EXERCISE DATA:

_ _ _ _ _ _ _

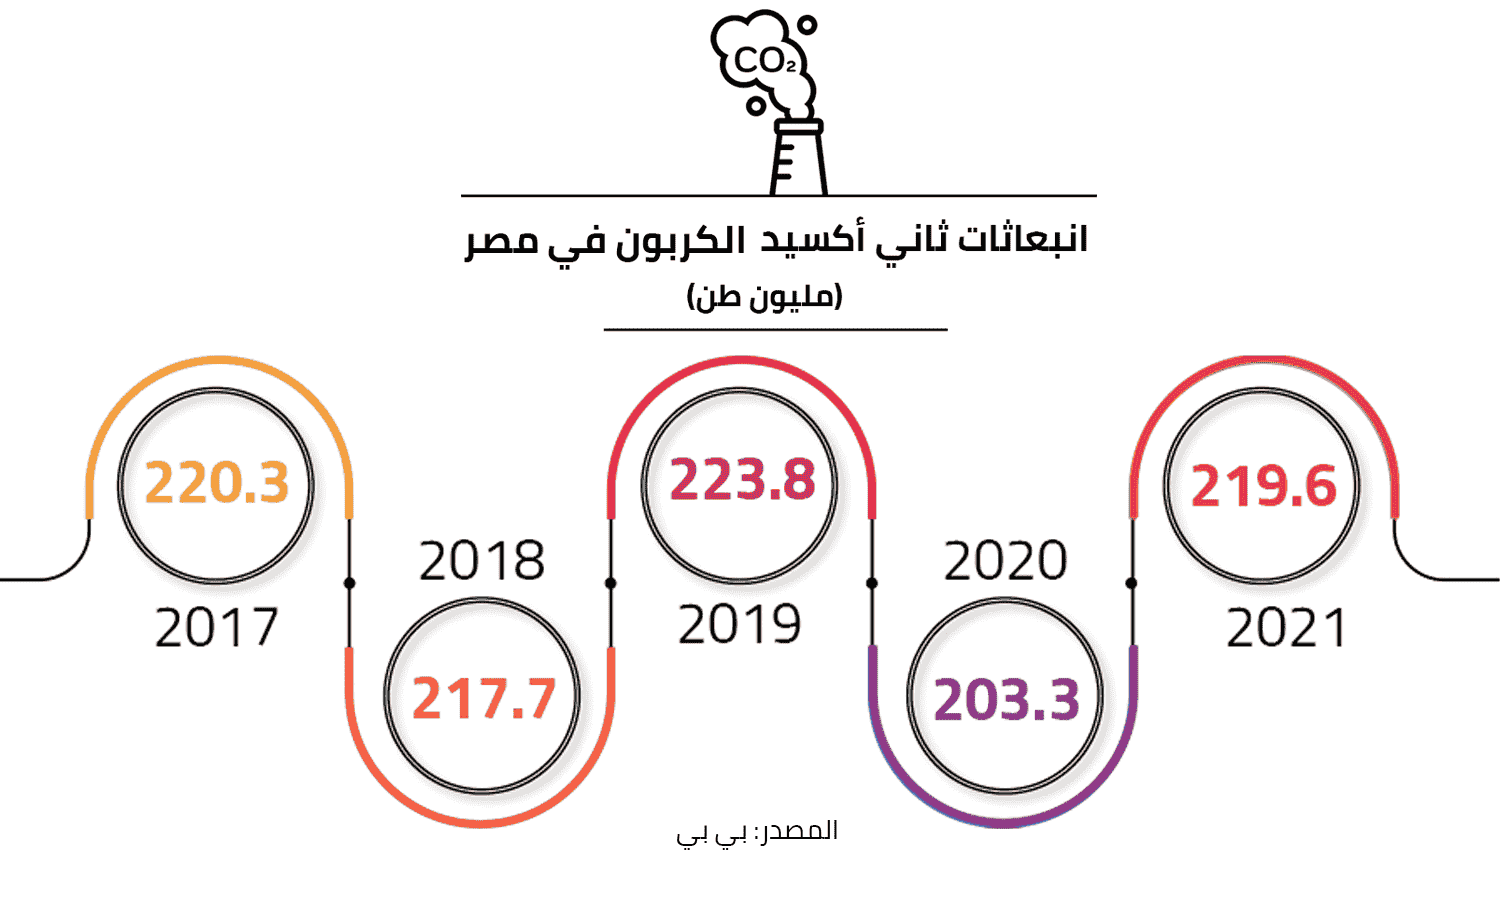 2019 هي الأعلى معدل في مصر بحجم انبعاثات ثاني أكسيد الكربون
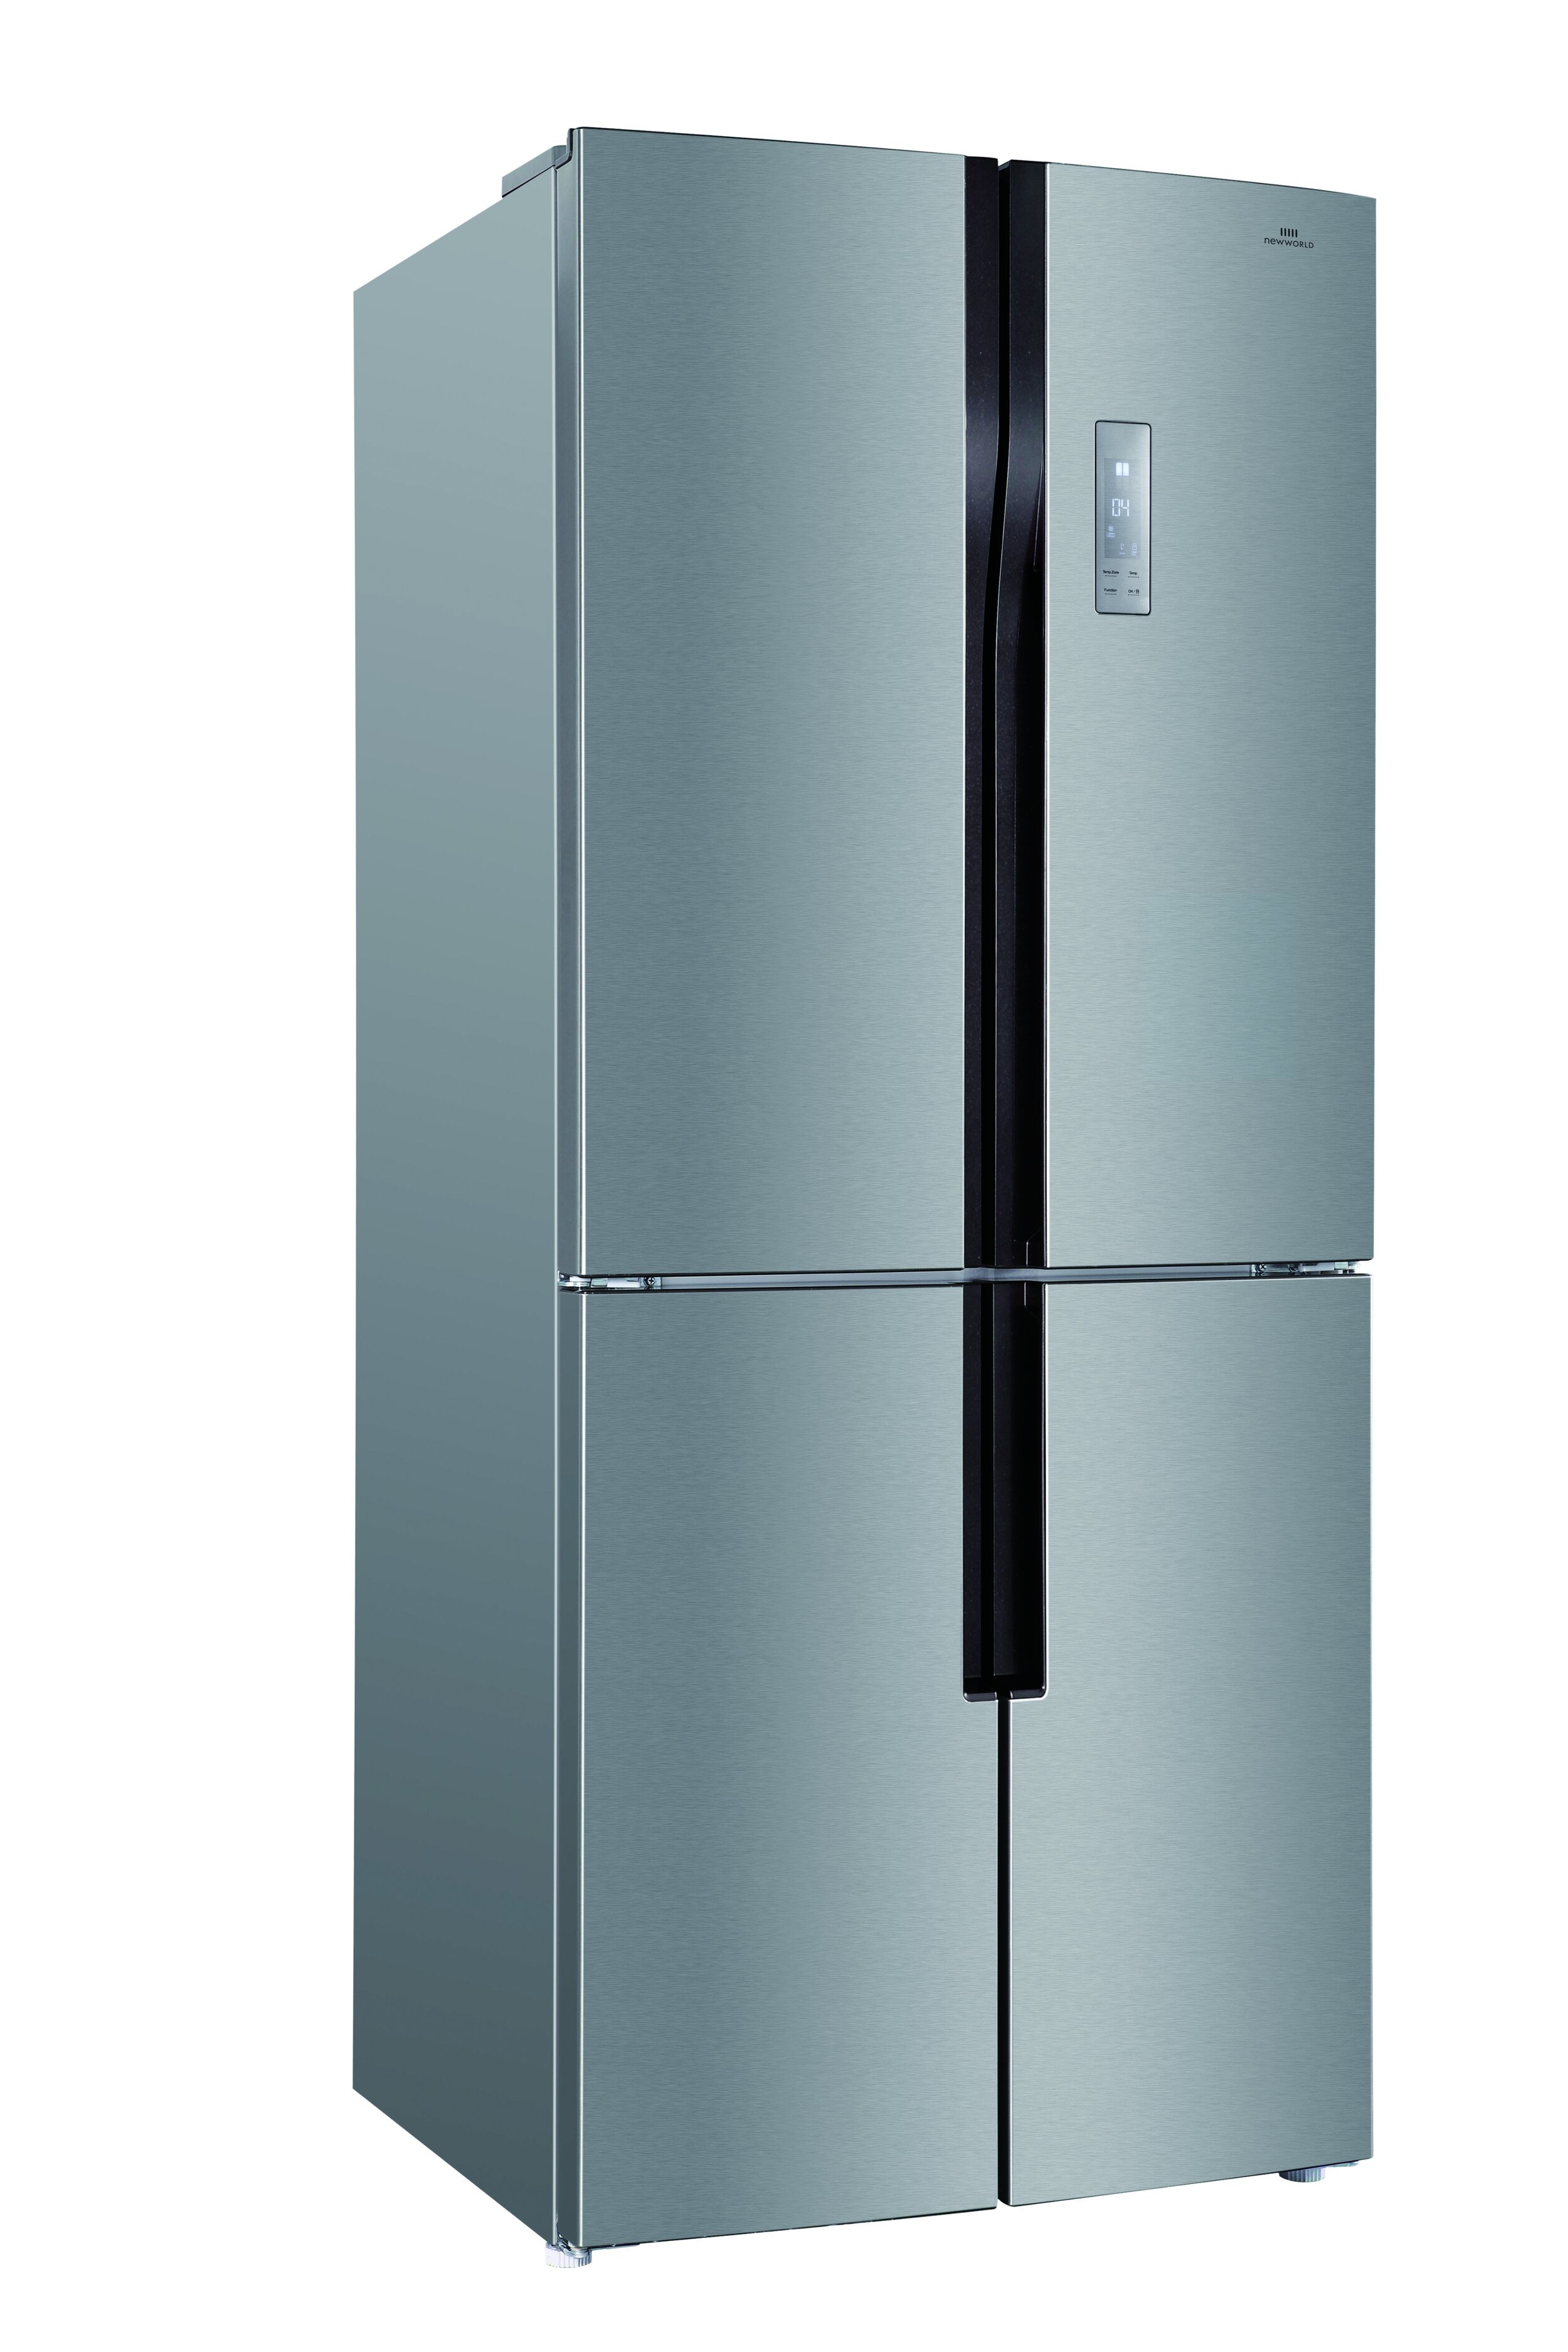 Сайт днс холодильники. Холодильник Hisense RQ-515n4ad1. Холодильник Hansa FY418.3DFXC. Холодильник Hansa FY418.3DFXC Silver/Grey. Холодильник Hisense rq515n4ad1 Silver.
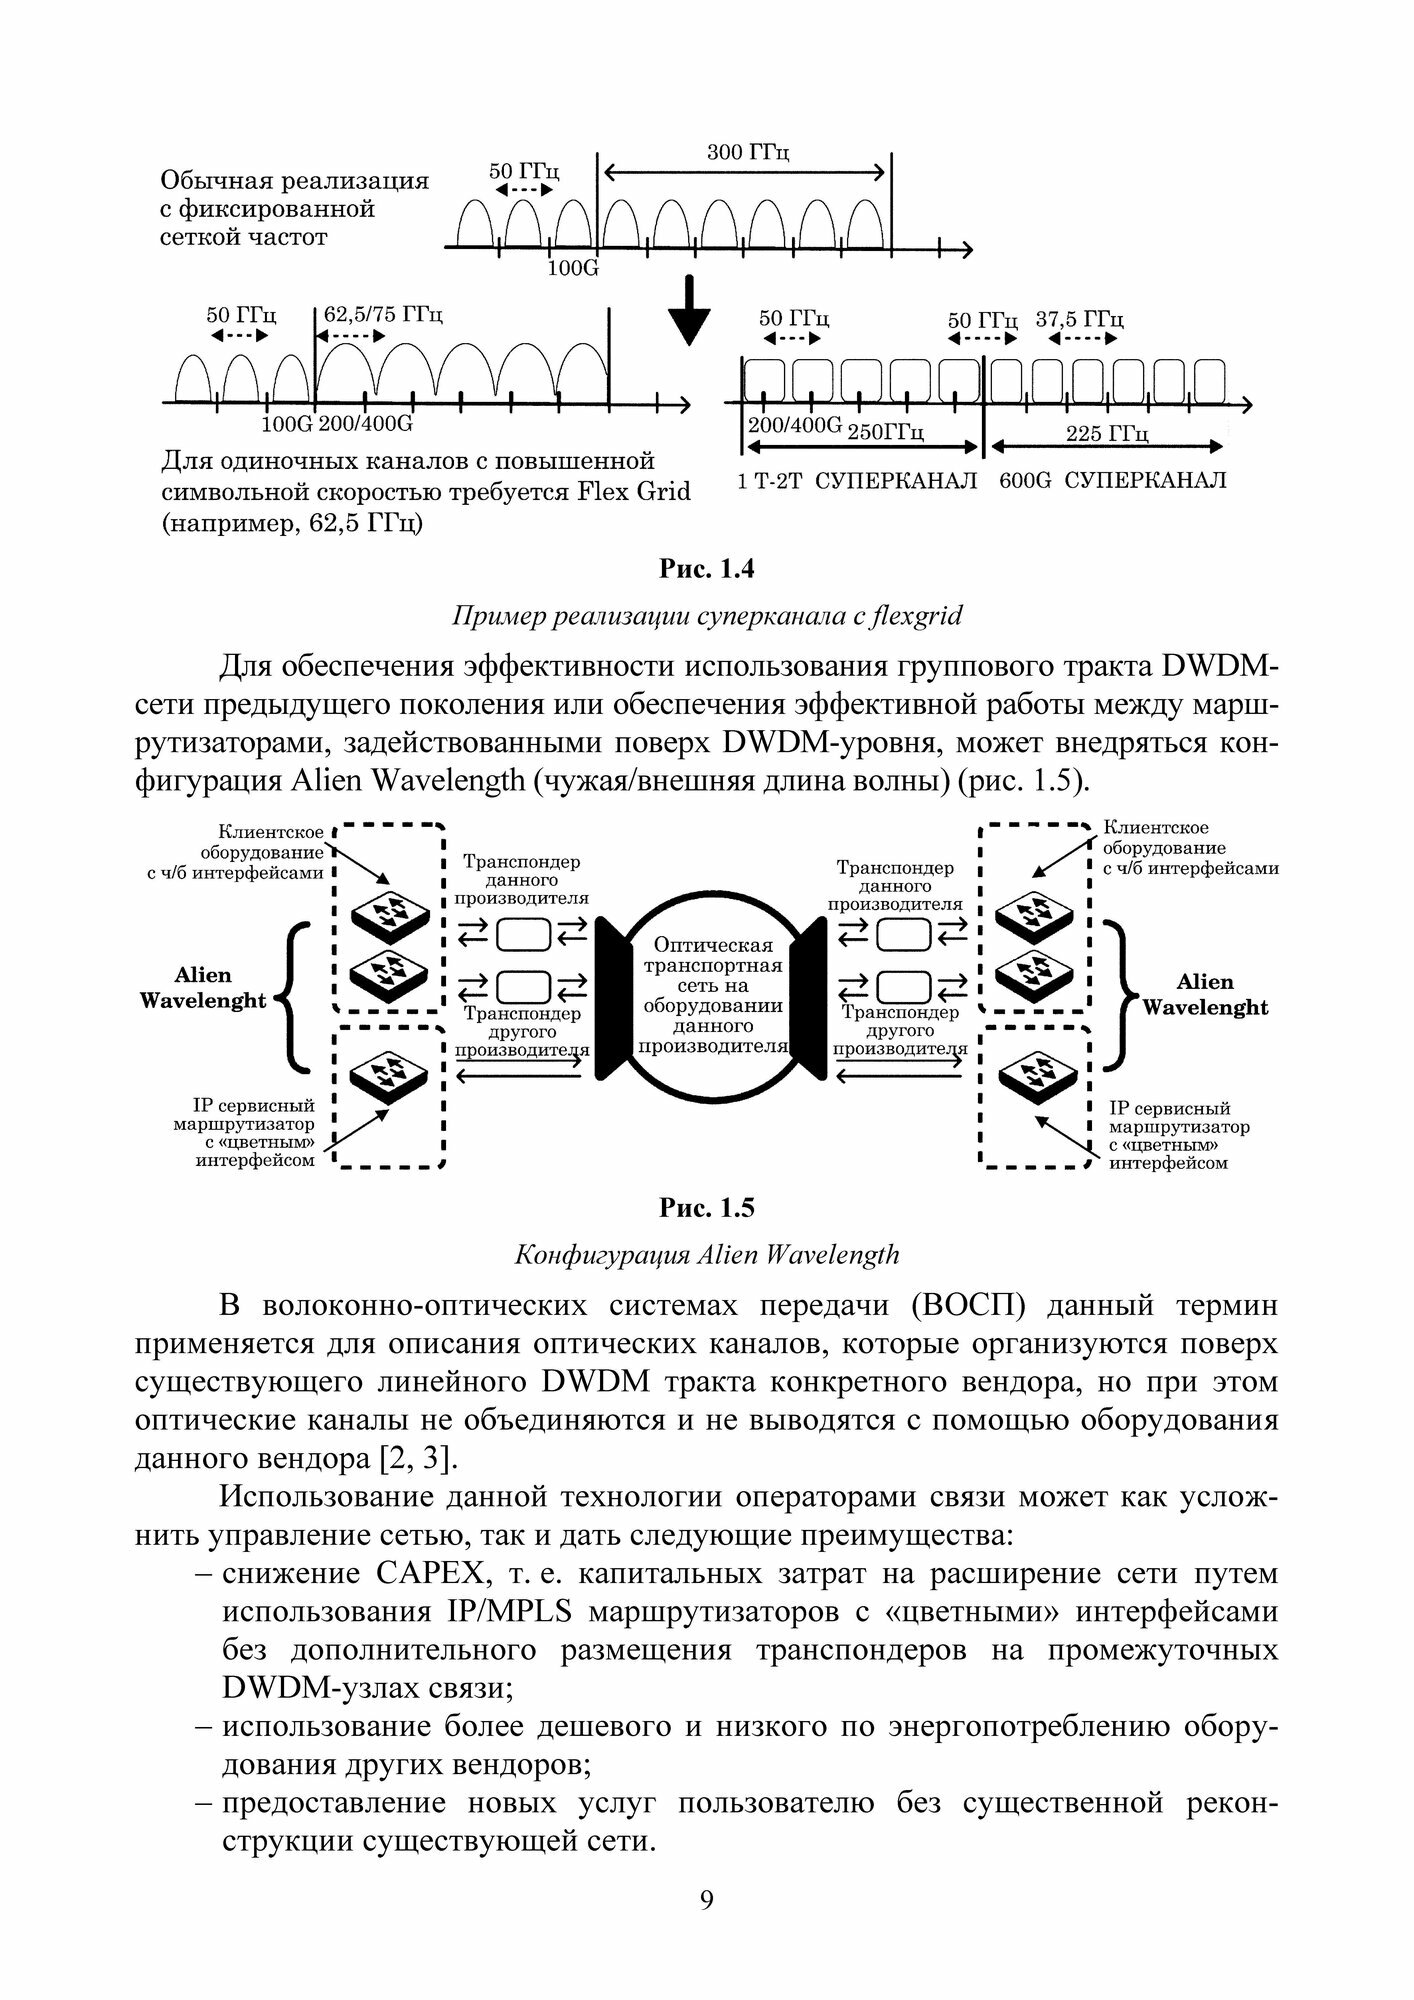 Проектирование современных оптических транспортных сетей связи. Учебное пособие для вузов - фото №2

_ _ _ _ _ _ _

The copy must start at the line containing "Сайт днс холодильники." and stop at the last line of the listing, both included, with every line exact and no pictures.

 Сайт днс холодильники. Холодильник Hisense RQ-515n4ad1. Холодильник Hansa FY418.3DFXC. Холодильник Hansa FY418.3DFXC Silver/Grey. Холодильник Hisense rq515n4ad1 Silver.
 Проектирование современных оптических транспортных сетей связи. Учебное пособие для вузов - фото №2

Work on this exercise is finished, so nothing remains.